Extracted data
----

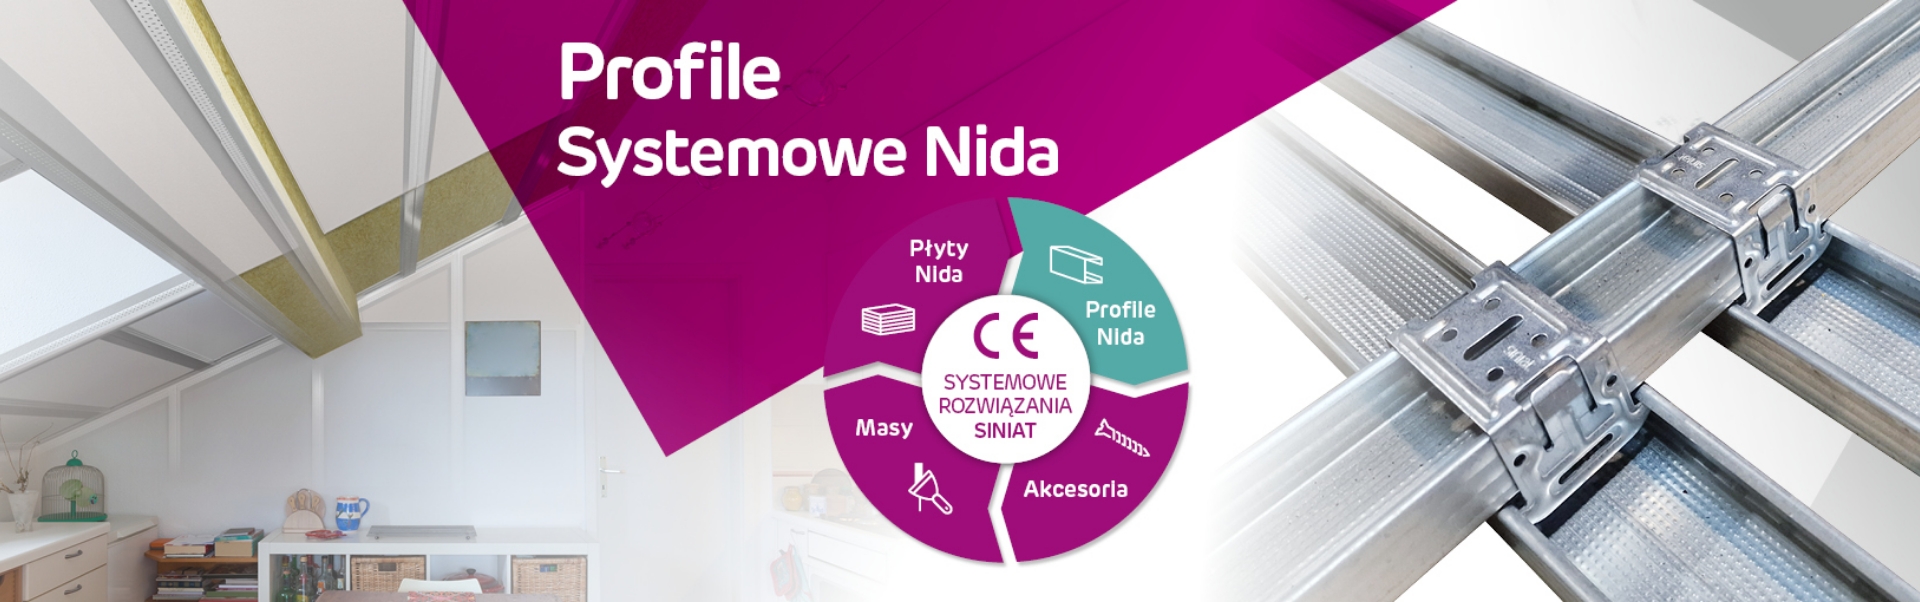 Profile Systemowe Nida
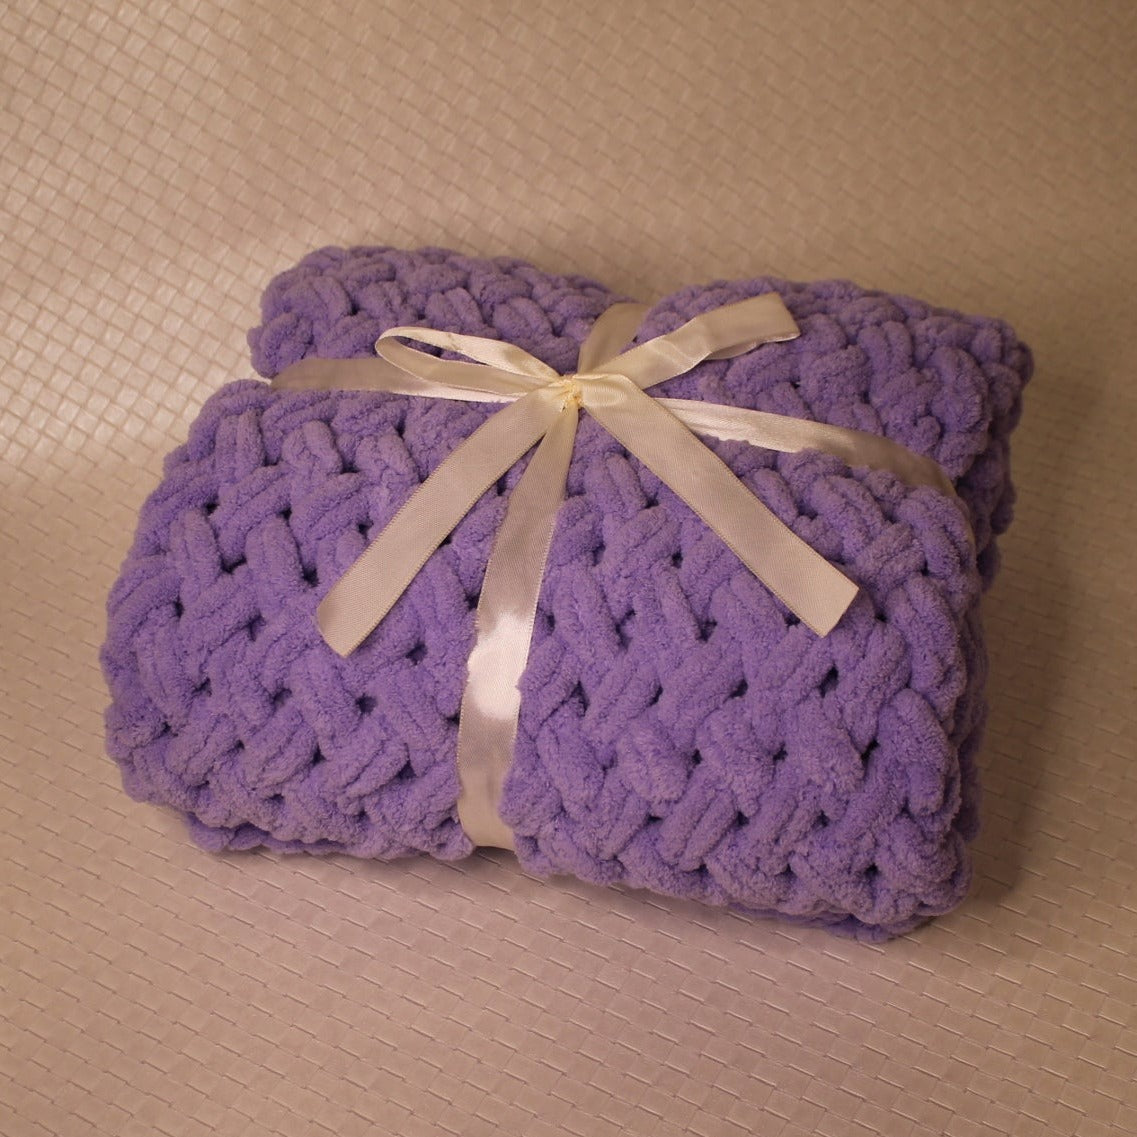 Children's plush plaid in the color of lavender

----

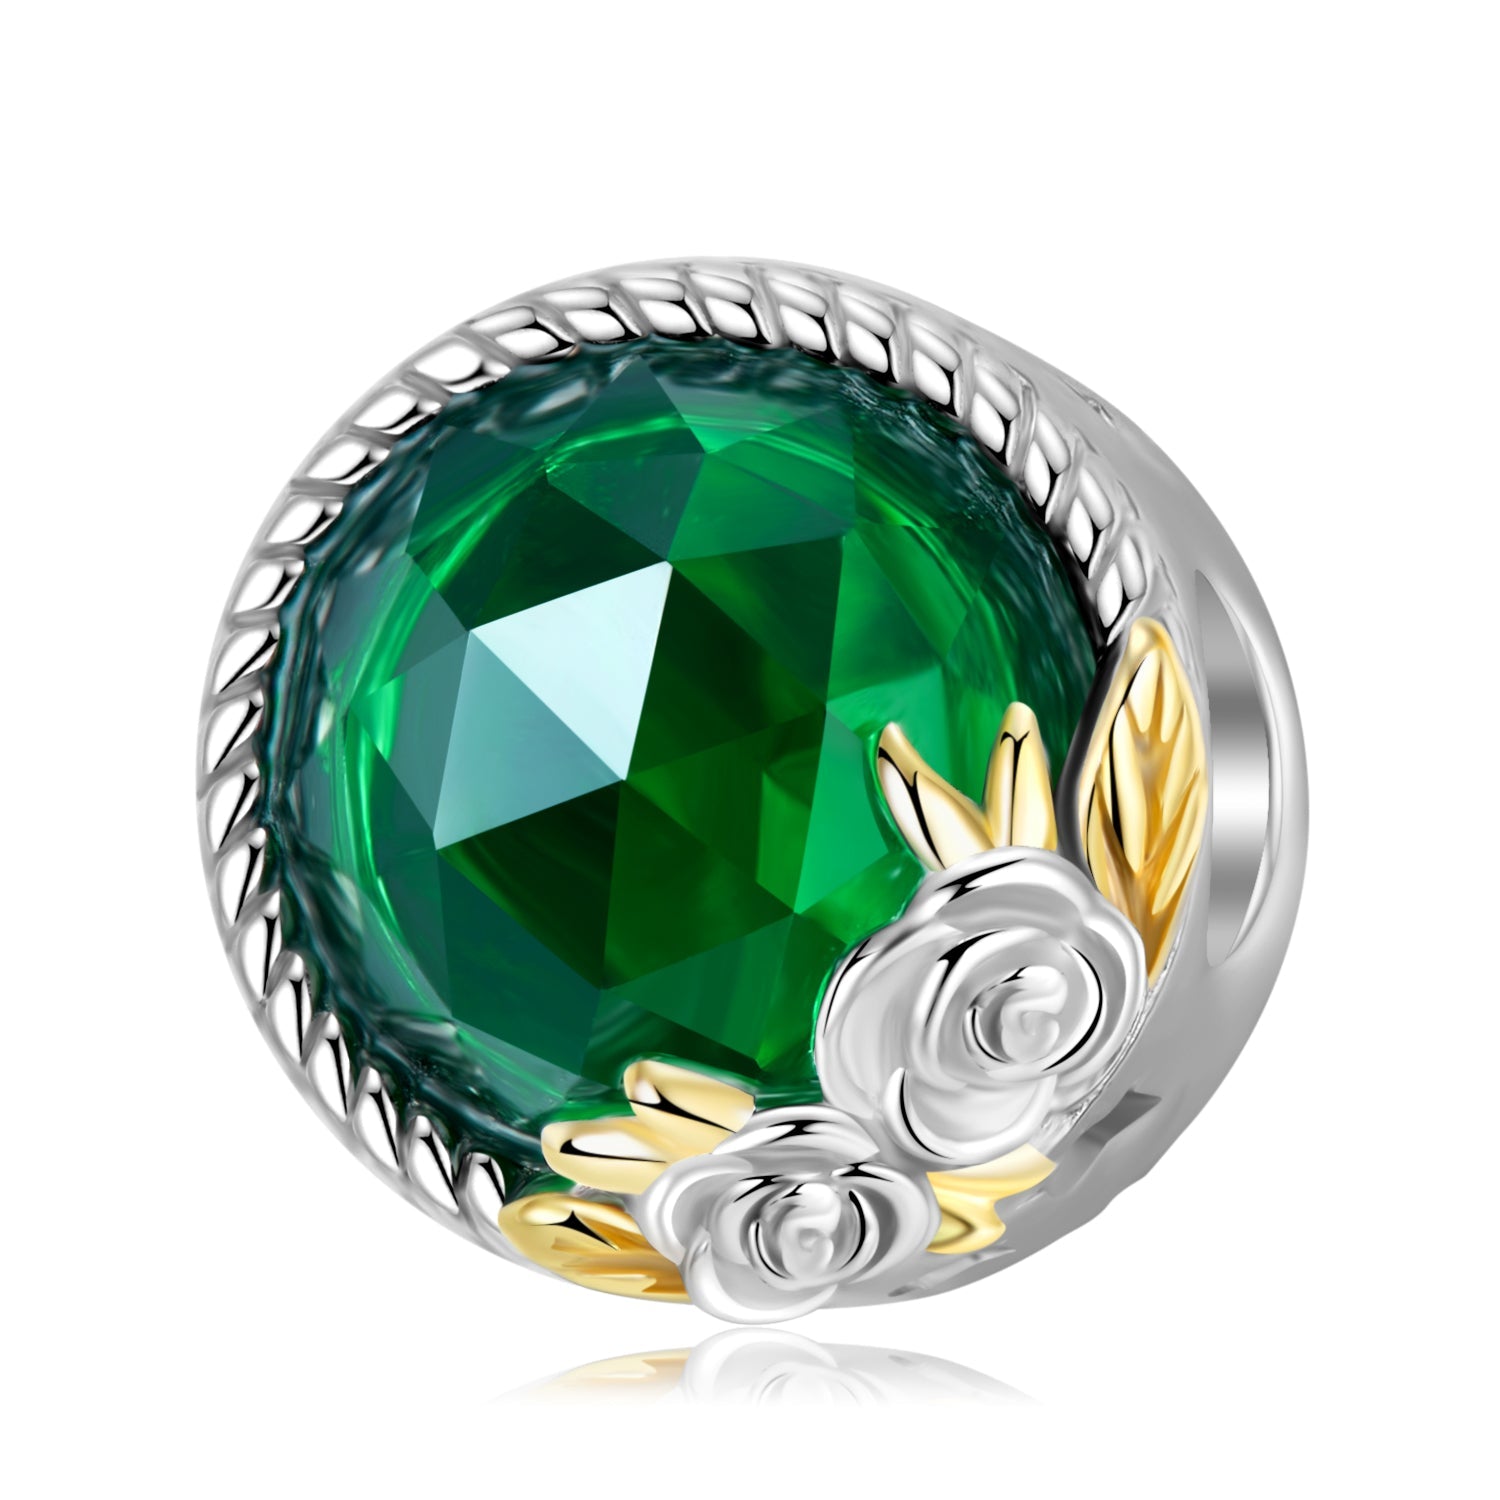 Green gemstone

----

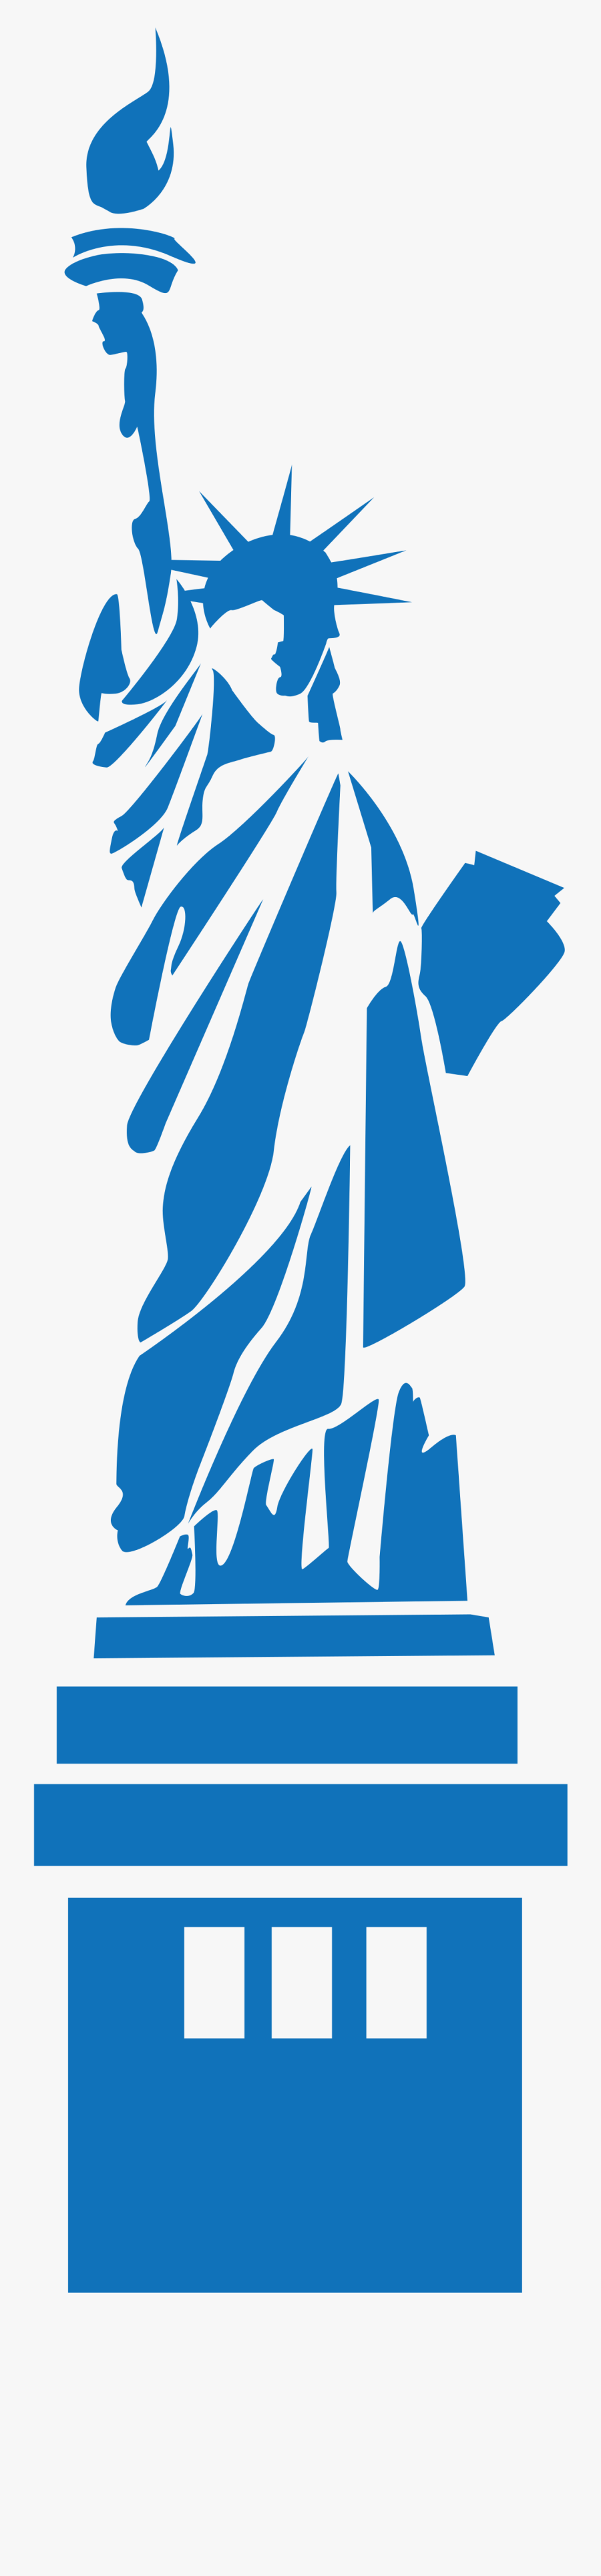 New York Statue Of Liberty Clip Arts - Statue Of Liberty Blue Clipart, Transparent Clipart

----

What to do
Return exactly the lines above, from the one with "Profile Systemowe Nida" up to and including the one with "Children's plush plaid", and include no pictures.

Written reply
 Profile Systemowe Nida
 Children's plush plaid in the color of lavender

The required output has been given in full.